The Multitasking Syndrome
by Aidan Donnelley Rowley
I have become a Multitasking Maven (or “Multitaskmaster,” if you prefer). And I’m beginning to wonder whether I’m proud of this fact.
I read books while listening to music and checking my phone on the elliptical. I surf the Internet while reading magazines while chatting with Husband while watching television. I respond to emails and write emails and brainstorm blog posts while watching my kids. I eat while working and walking. I have been known to sniff out salons with high-speed so I can leave blog comments while tending to my toes.
Is this multitasking madness a skill? Absolutely. To succeed—hey, to survive—as parents and professionals and people in this world, we must be able to juggle many things at once. Try as we might, we cannot carve the day into tiny units of time in which we tackle one discrete goal at a time. Life is messy. Categories bleed. We must multitask. And ultimately, multitasking is all about efficiency. And efficiency is so attractive, isn’t it? But at what expense?
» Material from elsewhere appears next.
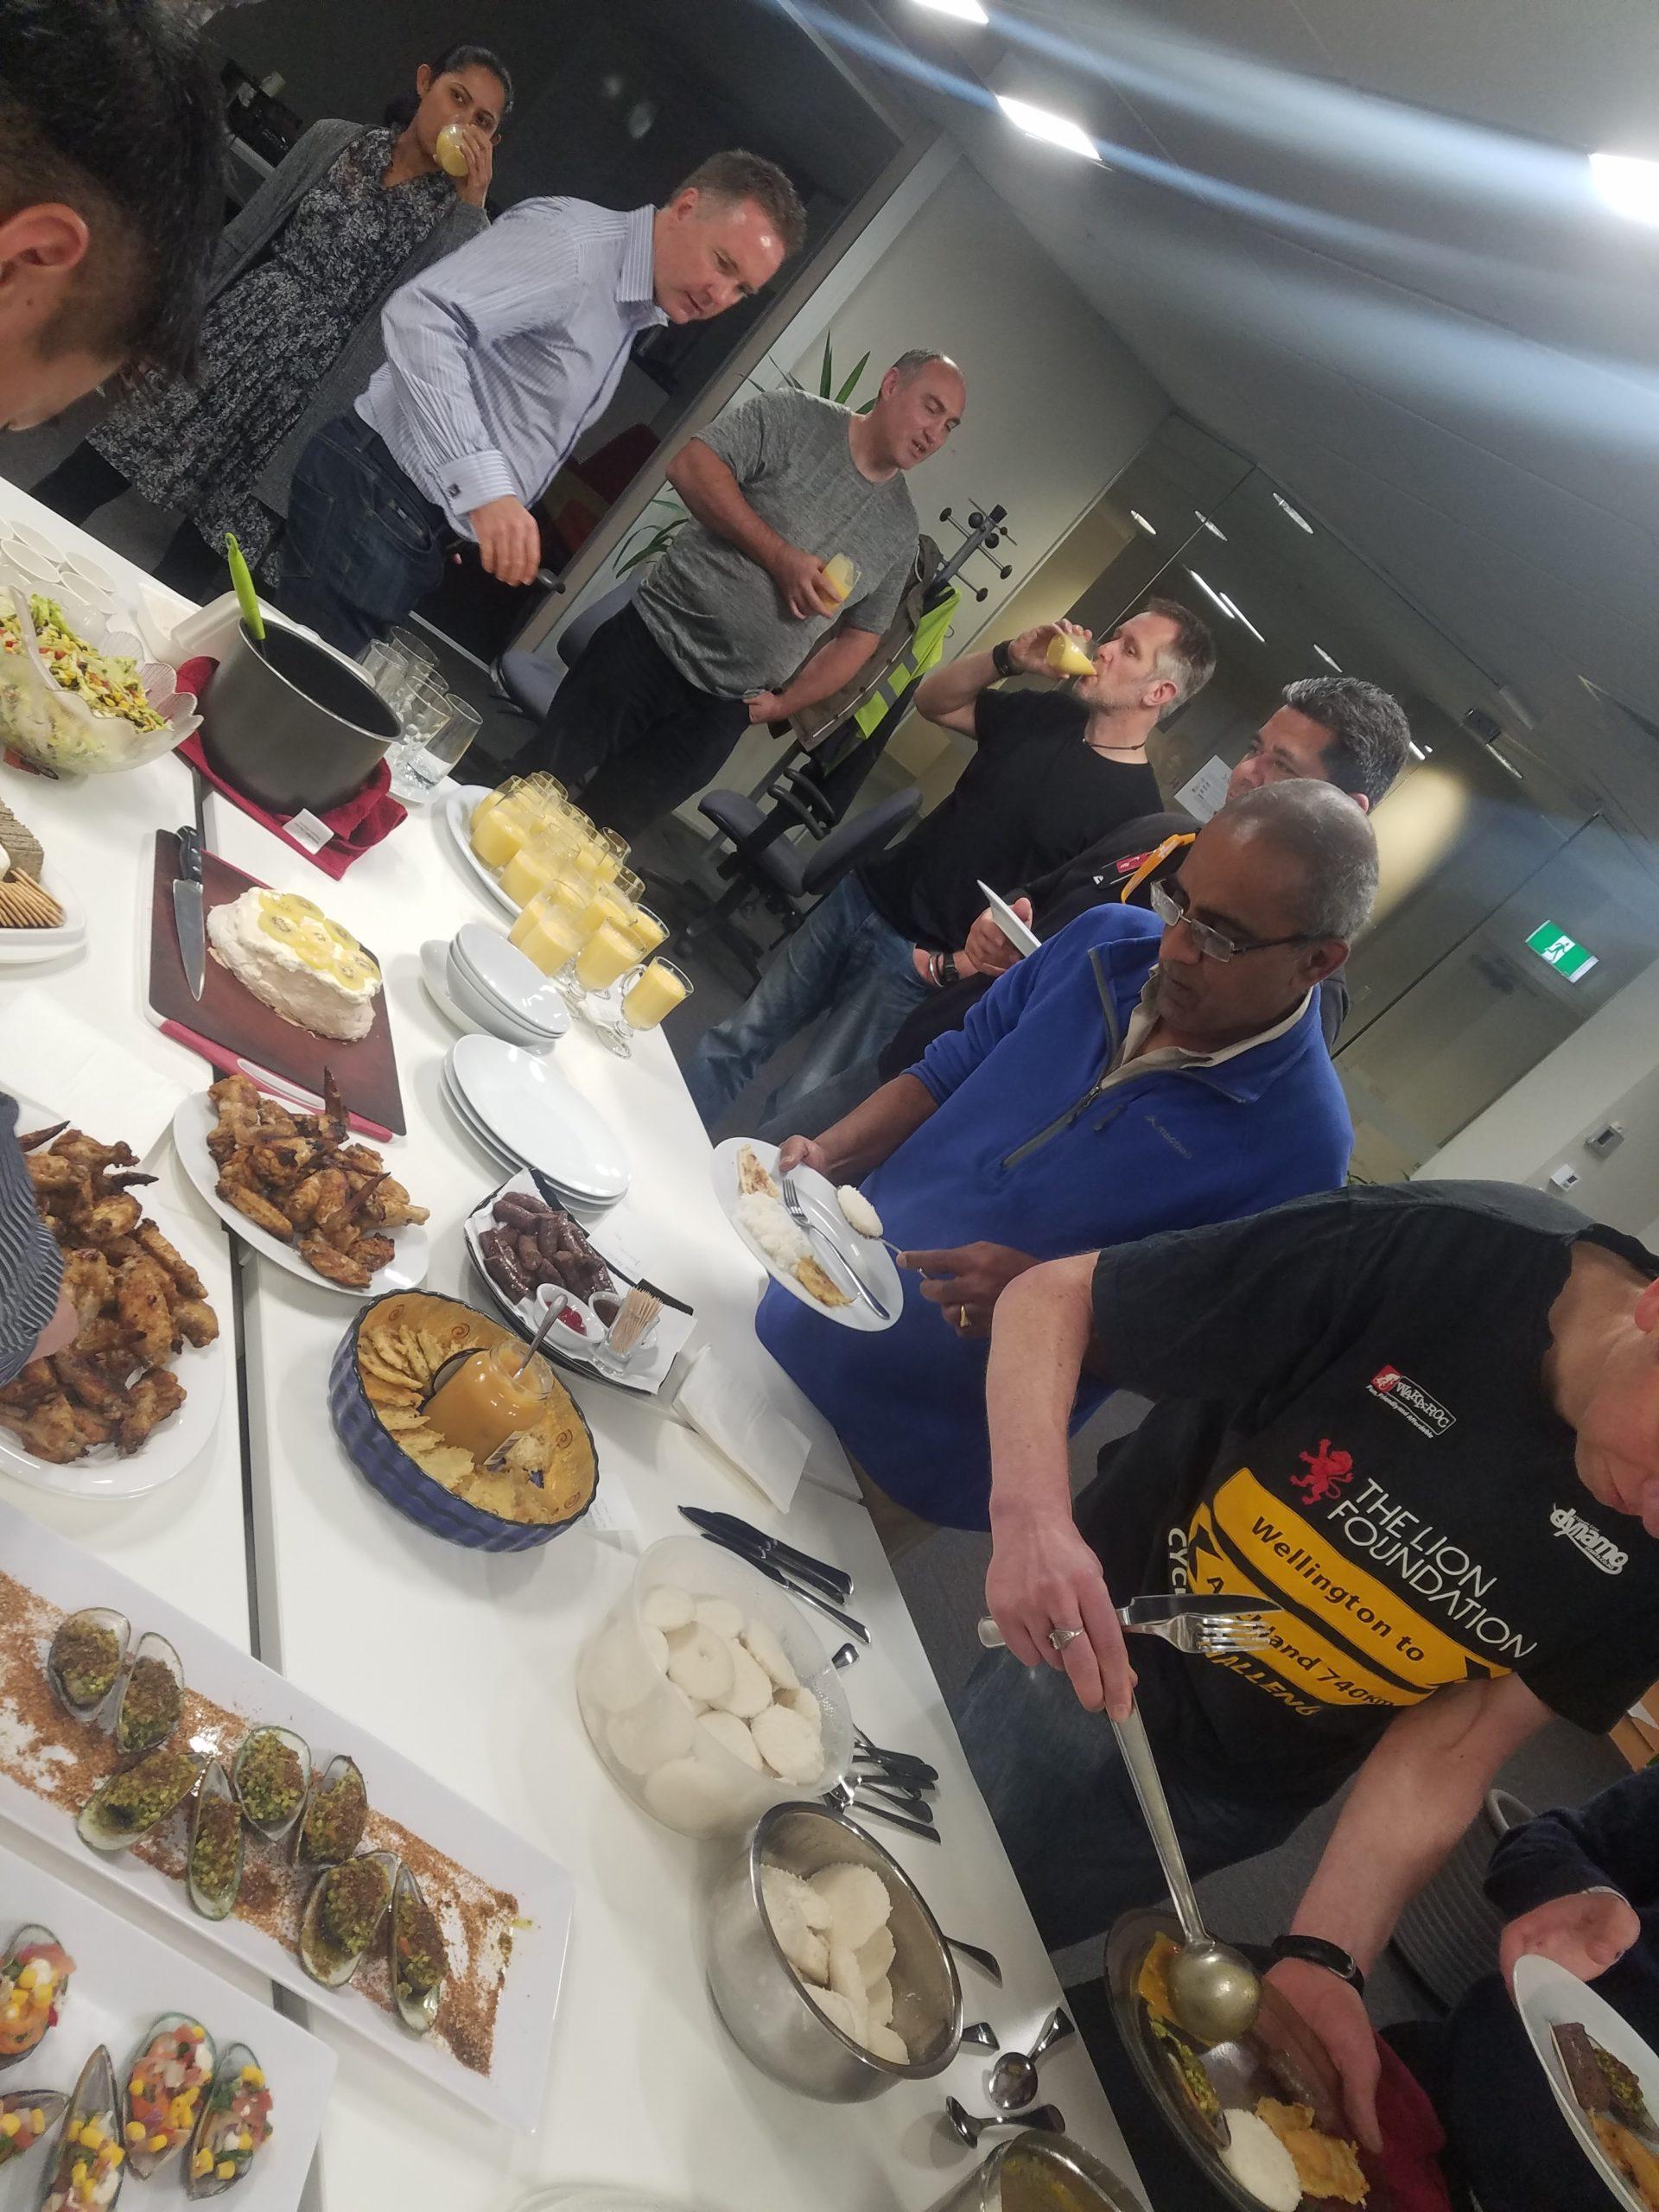 The Reckon NZ team having lunch

If we fracture our focus so much are we really savoring our moments? I don’t think so.
Is multitasking a syndrome? You betcha. Taken too far, I think that multitasking is a syndrome, an illness, a pathology. When we splinter our selves over the spectrum of our moments, we become completely unable to give ourselves fully to one thing at a time. And when we do try, when we do dare ourselves to commit one thing, we sufferers of this syndrome, get antsy, even guilty, that there are so many other things we could be doing at the same time. We worry that by not tackling these goals, we are losing ground and speed. And this is no good because then we are distracted from that one thing on which we are presumably focusing. Lovely.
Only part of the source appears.